**Work order**.
When you reach the line containing "Mercure maldives kooddoo vista panoramica", please repeat it and every line after it exactly, through the end of the listing below, skipping pictures.

**Data**.
<<<<

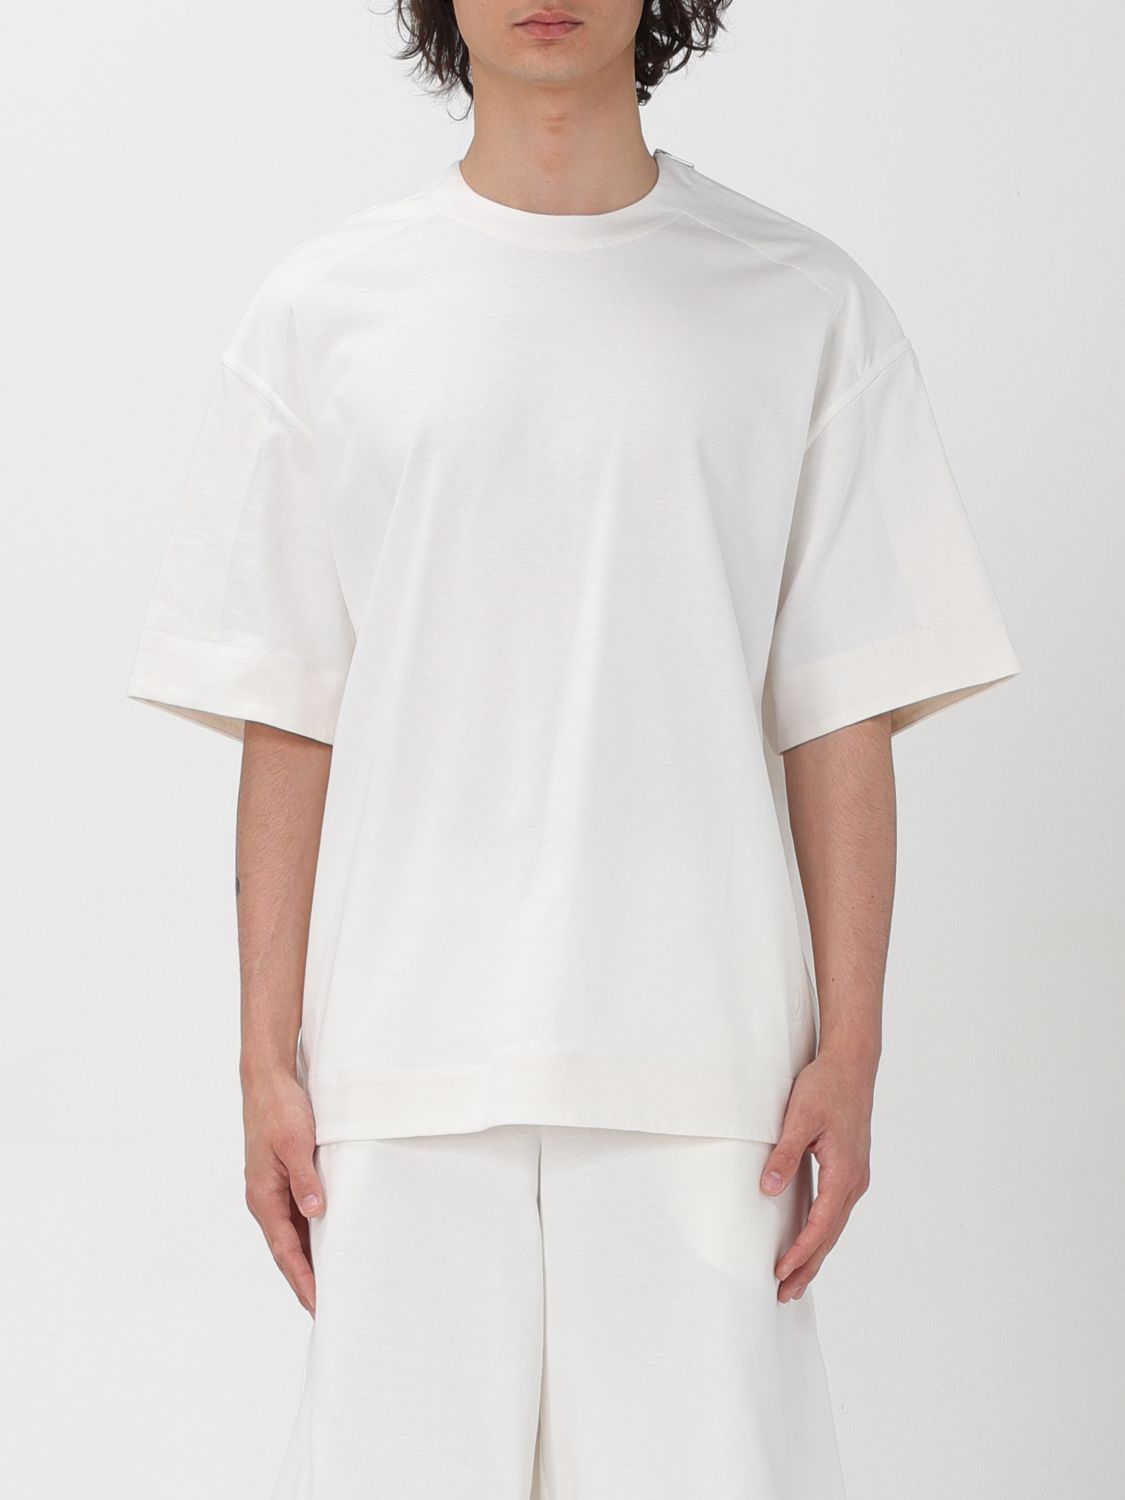 Shop Jil Sander T-shirt  Men Color White
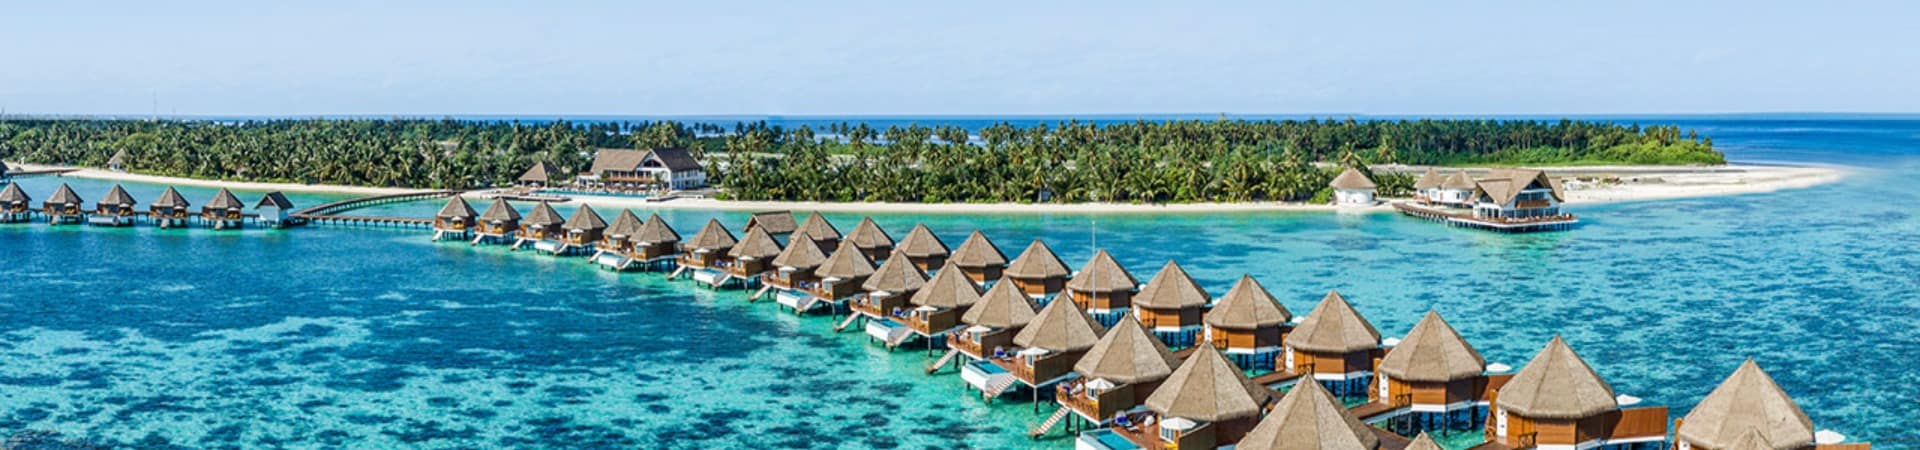 Mercure maldives kooddoo vista panoramica
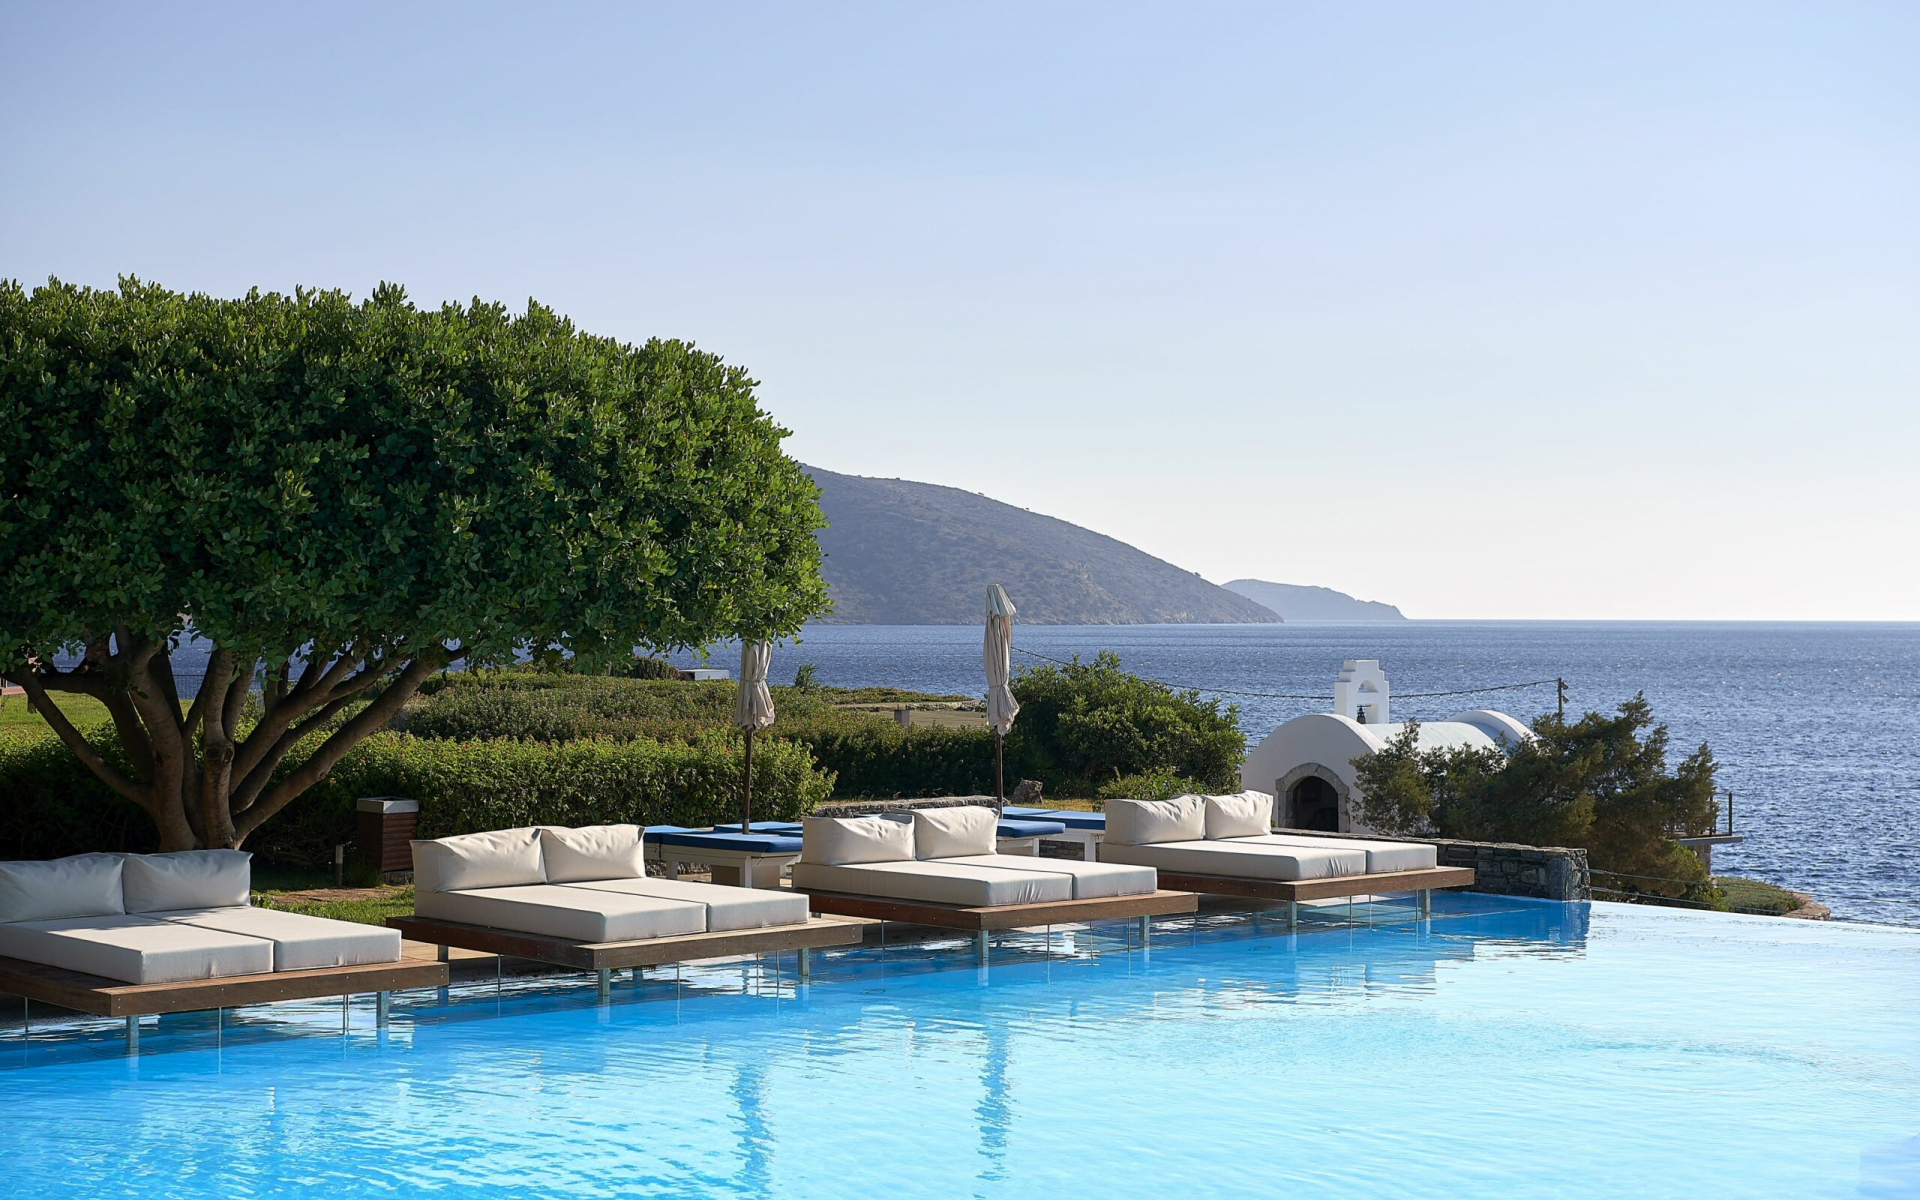 St Nicolas Bay Resort Hotel & Villas Agios Nikolaos Crete

>>>>

**Written solution**.
 Mercure maldives kooddoo vista panoramica
 St Nicolas Bay Resort Hotel & Villas Agios Nikolaos Crete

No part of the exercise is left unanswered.